In [1]:
import torch
import numpy as np
import pandas as pd
from category_encoders import *
from tqdm import notebook
import matplotlib.pyplot as plt
import gc
import pickle as pkl
%matplotlib inline

In [3]:
train_data = pd.read_csv('../../data/sales_train_validation.csv')
sell_prices = pd.read_csv('../../data/sell_prices.csv')
calendar = pd.read_csv('../../data/calendar.csv')
sample_submission = pd.read_csv('../../data/sample_submission.csv')
weights = pd.read_csv('../../data/weights_validation.csv')

In [4]:
with open('./../data/data.pickle', 'rb') as f:
    data_dict = pkl.load(f)
    
sales_data_index = data_dict['sales_data_index']
calendar_index = data_dict['calendar_index']
X_prev_day_sales = data_dict['X_prev_day_sales']
X_sell_price = data_dict['X_sell_price']
X_calendar = data_dict['X_calendar']
X_calendar_cols = data_dict['X_calendar_cols']
Y = data_dict['Y']

In [11]:
weights[weights.Level_id=='Level12']

Unnamed: 0,Level_id,Agg_Level_1,Agg_Level_2,Weight
12350,Level12,FOODS_1_001,CA_1,1.970000e-05
12351,Level12,FOODS_1_001,CA_2,1.850000e-05
12352,Level12,FOODS_1_001,CA_3,1.430000e-05
12353,Level12,FOODS_1_001,CA_4,5.380000e-06
12354,Level12,FOODS_1_001,TX_1,5.980000e-07
...,...,...,...,...
42835,Level12,HOUSEHOLD_2_516,TX_2,1.270000e-05
42836,Level12,HOUSEHOLD_2_516,TX_3,7.920000e-06
42837,Level12,HOUSEHOLD_2_516,WI_1,1.580000e-06
42838,Level12,HOUSEHOLD_2_516,WI_2,1.580000e-06


In [12]:
weights[weights.Level_id=='Level2']

Unnamed: 0,Level_id,Agg_Level_1,Agg_Level_2,Weight
1,Level2,CA,X,0.442371
2,Level2,TX,X,0.269297
3,Level2,WI,X,0.288332


### Possible approaches:
* Forecast the 30490 series very well using embeddings for item_id, state_id, etc. And by adding weights in a smarter way (increase the weight if an item influences significantly a higher level's weight as well??)
* Forecast for all the series. Maybe use a different model for aggregated series. Devise a postprocessing method to make the forecasts coherent
* (Best one??) The problem with bottom-up approaches (1st approach) is it is easier to forecast for aggregated series as they are more filled(?). What if we provide the time series data for Levels 1-5 as features but forecast at level 12. Can try this after implementing 1st approach.

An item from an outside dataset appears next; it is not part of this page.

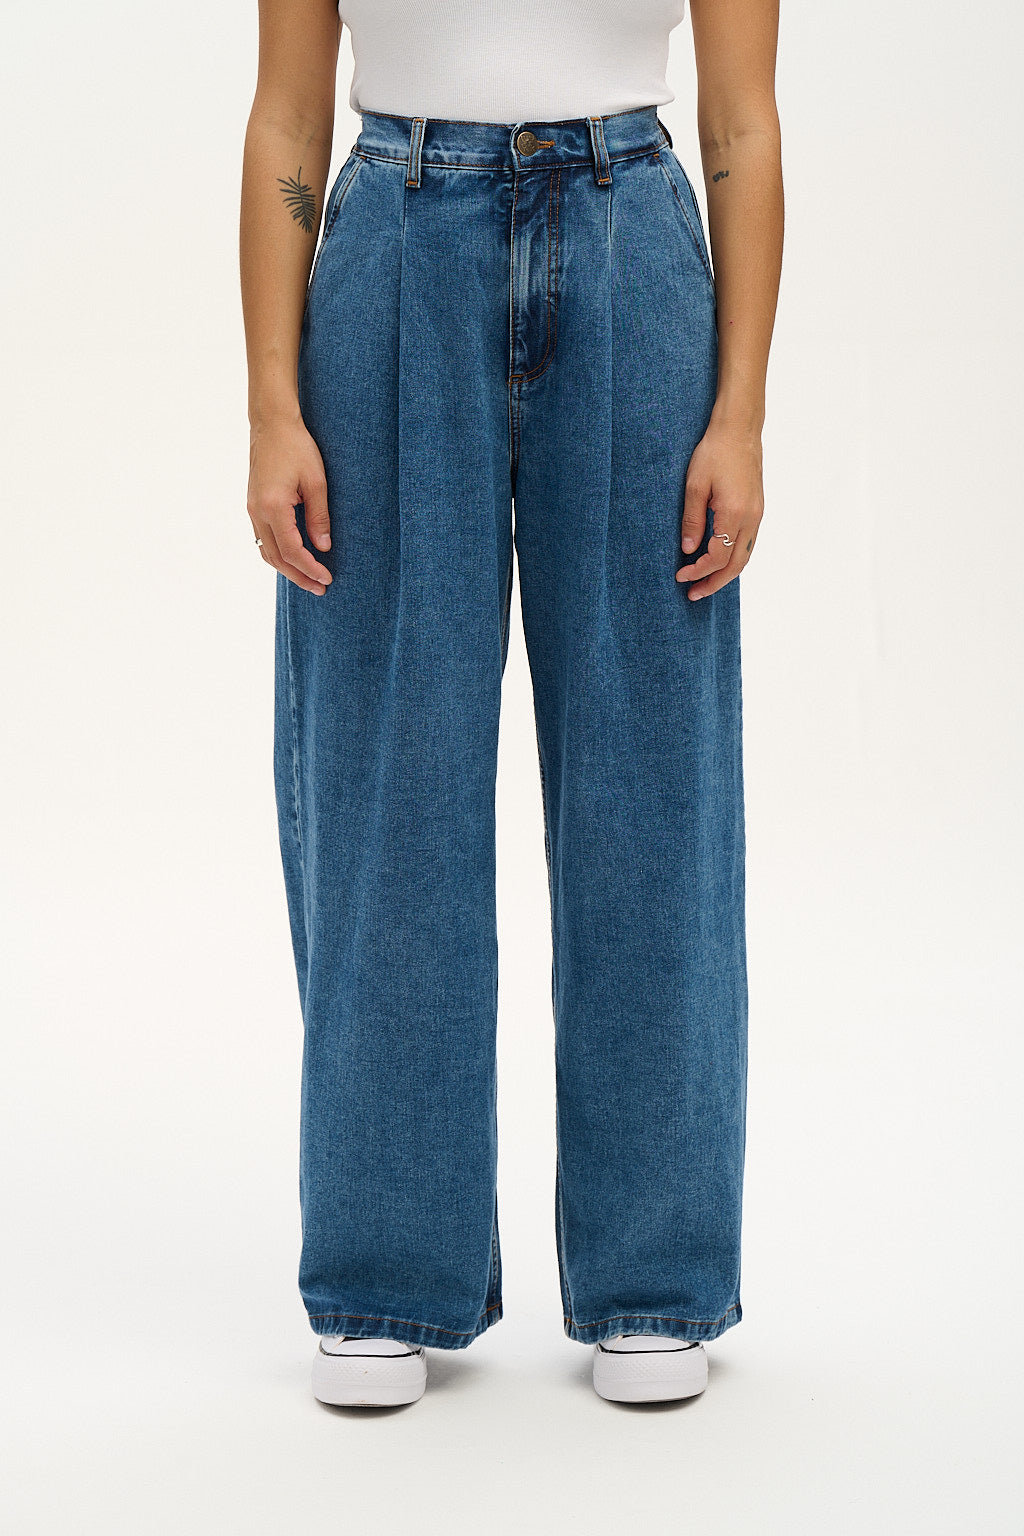 Comprar Calça Jeans Feminina c/cinto-Bi strech 360-LD2101 - Loyal Denim

For now, train using the first approach, decide your validation method, clean the code, improve the model a bit and then come back to see of you should be using any other approach to improve it further


### What are the series all about?

* #### Level 1: Aggregate everything
      Number of series: 1
      Graph: Item --> Department --> Category --> Store --> State --> All
* #### Level 2: Aggregate for each state
      Number of series: 3
      Graph: Item --> Department --> Category --> Store --> State
* #### Level 3: Aggregate for each store
      Number of series: 10
      Graph: Item --> Department --> Category --> Store
* #### Level 4: Aggregate for each category
      Number of series: 3
      Graph: Item --> Department --> Category
* #### Level 5: Aggregate for each department
      Number of series: 7
      Graph: Item --> Department
* #### Level 6: Aggregate for each state and category
      Number of series: 9
      Graph: Item --> Department --> Category+State
* #### Level 7: Aggregate for each state and department
      Number of series: 21
      Graph: Item --> Department+State
* #### Level 8: Aggregate for each store and category
      Number of series: 30
      Graph: Item --> Department --> Category+Store
* #### Level 9: Aggregate for each store and department
      Number of series: 70
      Graph: Item --> Department+Store
* #### Level 10: Aggregate of each product for each stores/states
      Number of series: 3049
      Graph: Store --> Item
* #### Level 11: Aggregate of each product for each state
      Number of series: 9147
      Graph: State+Item
* #### Level 10: Aggregate of each product for each store
      Number of series: 30490
      Graph: Item --> Store